::: EXERCISE INPUTS
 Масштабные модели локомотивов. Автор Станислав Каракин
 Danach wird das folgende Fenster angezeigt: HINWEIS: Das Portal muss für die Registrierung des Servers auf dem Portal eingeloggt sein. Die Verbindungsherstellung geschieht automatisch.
::::::
::: EXERCISE INPUTS
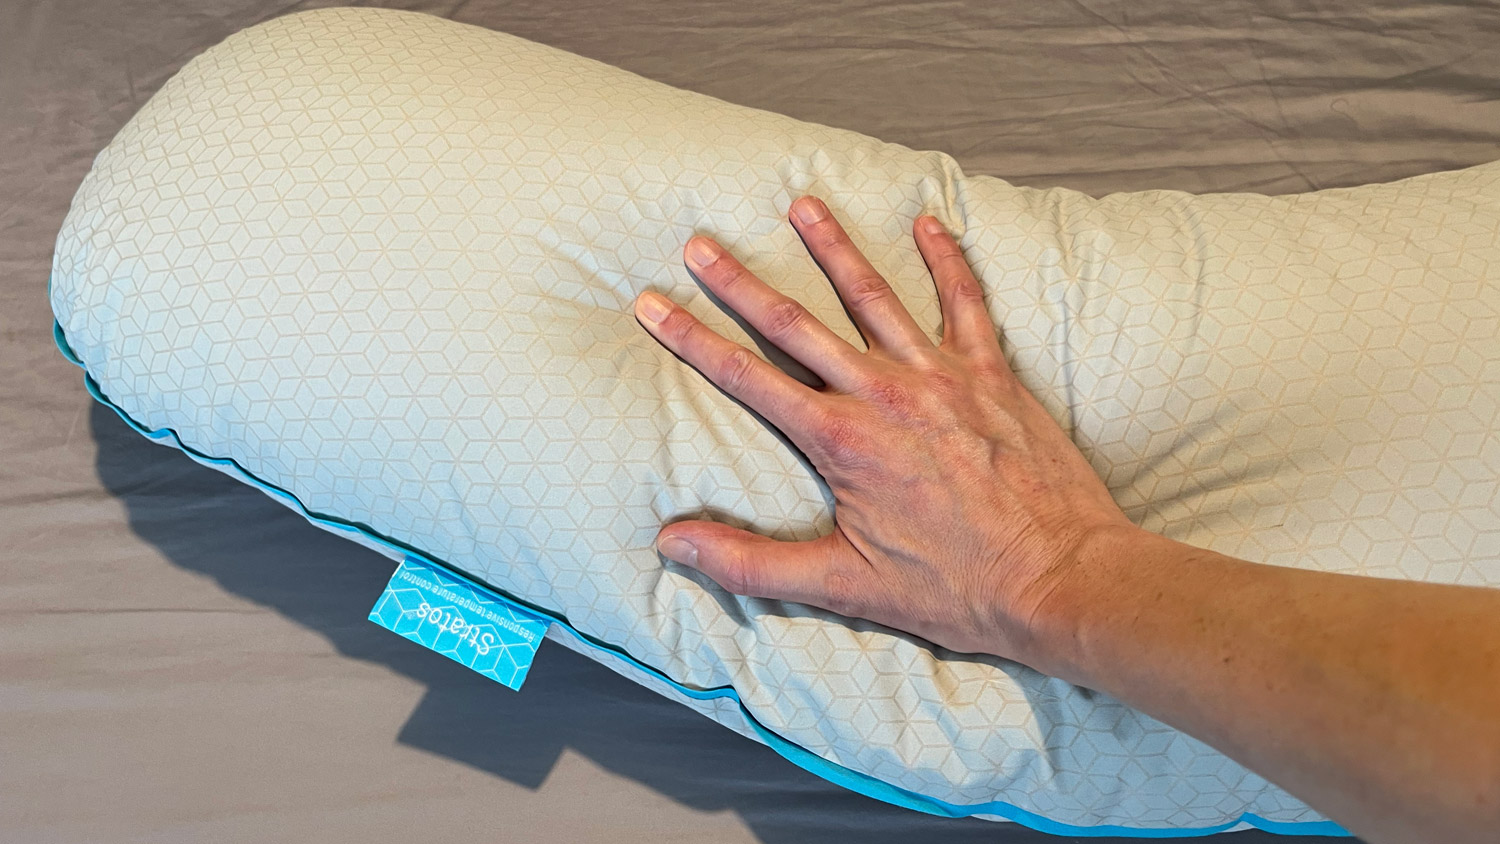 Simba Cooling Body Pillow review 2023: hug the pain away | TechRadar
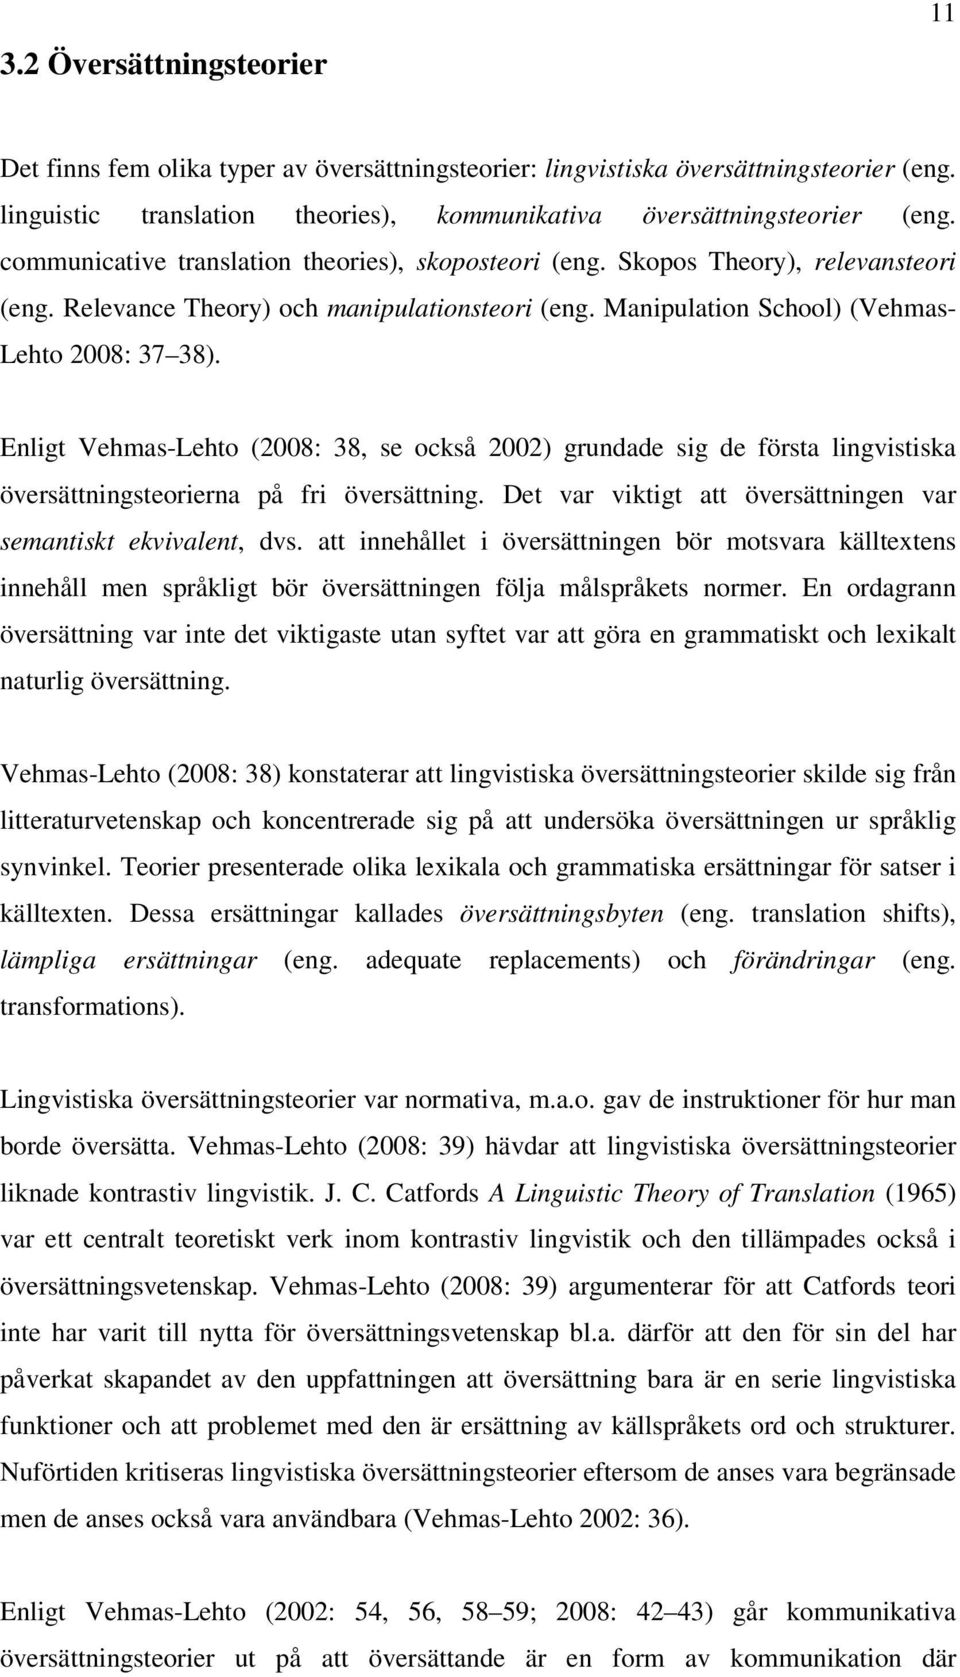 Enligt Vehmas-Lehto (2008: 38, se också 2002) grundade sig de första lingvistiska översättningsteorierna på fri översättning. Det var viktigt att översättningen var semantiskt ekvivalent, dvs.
::::::
WORK ITEM - Everything above from the line with "Масштабные модели локомотивов." to the line with "Danach wird das", both included, must be repeated exactly, and nothing outside that range.

EXERCISE RESULT -
 Масштабные модели локомотивов. Автор Станислав Каракин
 Danach wird das folgende Fenster angezeigt: HINWEIS: Das Portal muss für die Registrierung des Servers auf dem Portal eingeloggt sein. Die Verbindungsherstellung geschieht automatisch.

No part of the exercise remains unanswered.